[[ TASK INPUTS, beginning ]]

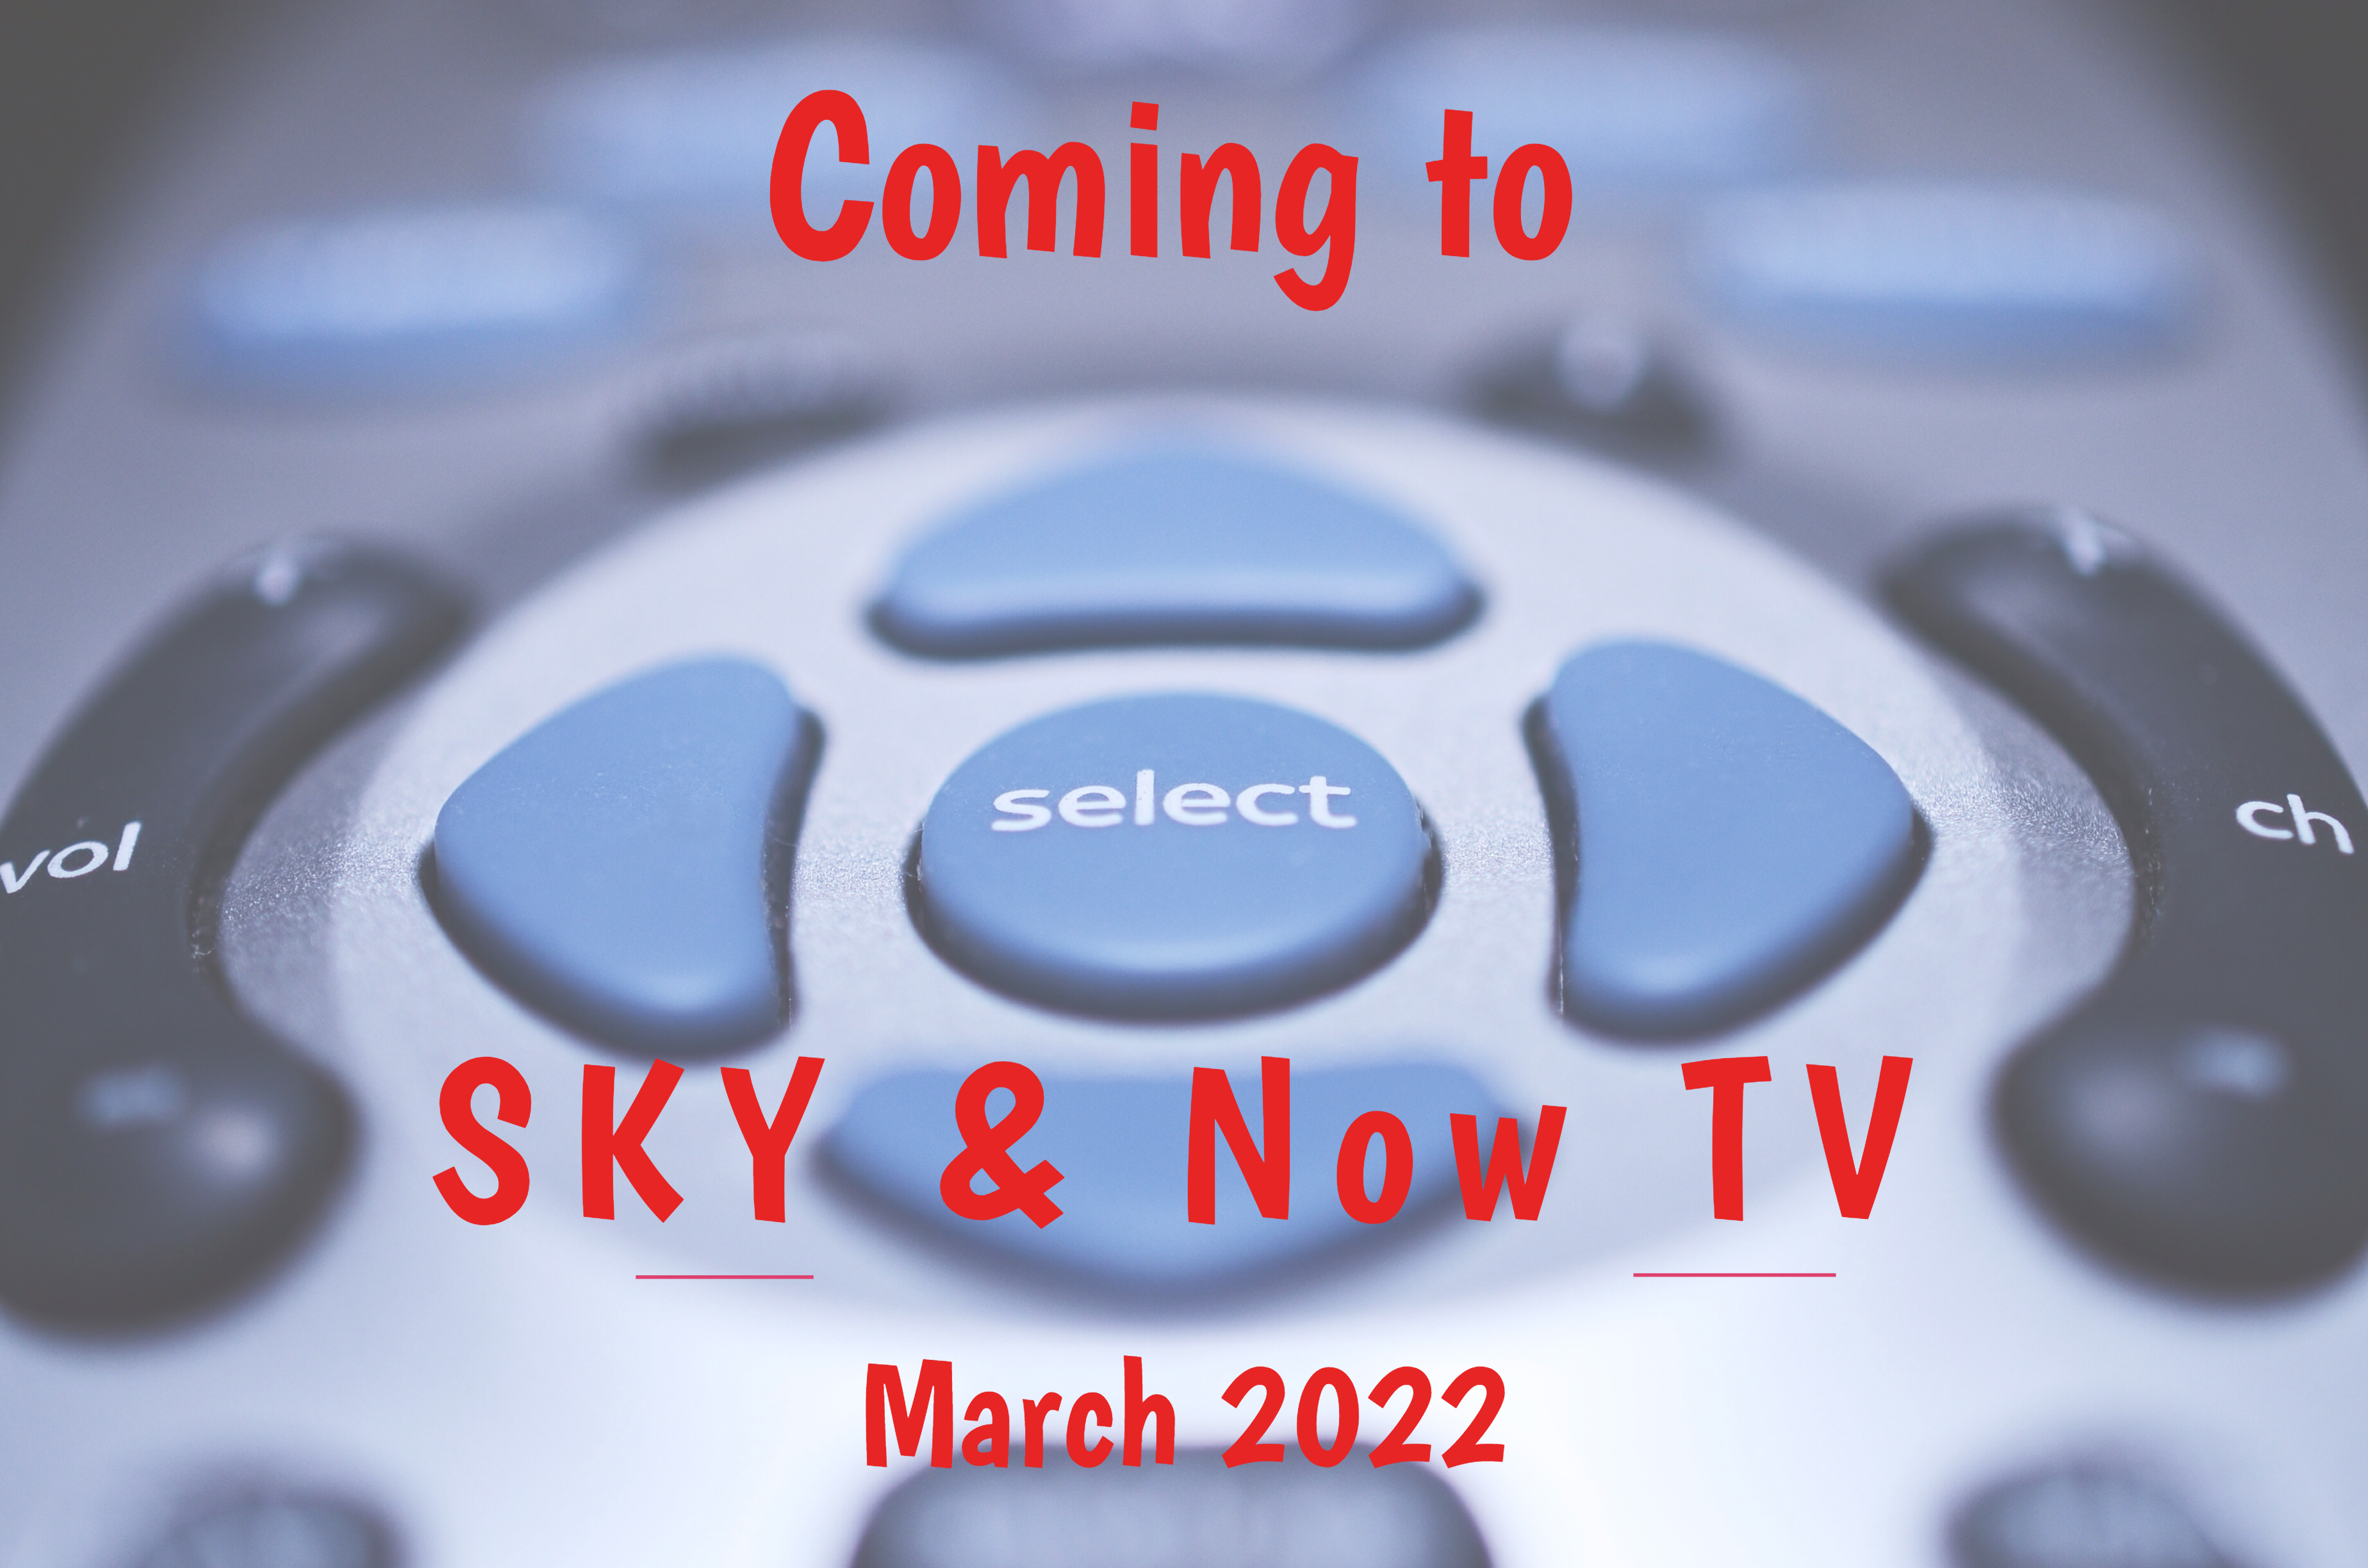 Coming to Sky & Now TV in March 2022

[[ TASK INPUTS, end ]]
[[ TASK INPUTS, beginning ]]

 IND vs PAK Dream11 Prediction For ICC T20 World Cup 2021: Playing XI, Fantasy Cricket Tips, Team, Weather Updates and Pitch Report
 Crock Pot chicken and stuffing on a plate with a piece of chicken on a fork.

[[ TASK INPUTS, end ]]

[BRIEF] Please reproduce exactly the lines in the listing above from the one containing "IND vs PAK Dream11" through the one containing "Crock Pot chicken", both included, and nothing more.

[OUTPUT FOR THIS TASK]
 IND vs PAK Dream11 Prediction For ICC T20 World Cup 2021: Playing XI, Fantasy Cricket Tips, Team, Weather Updates and Pitch Report
 Crock Pot chicken and stuffing on a plate with a piece of chicken on a fork.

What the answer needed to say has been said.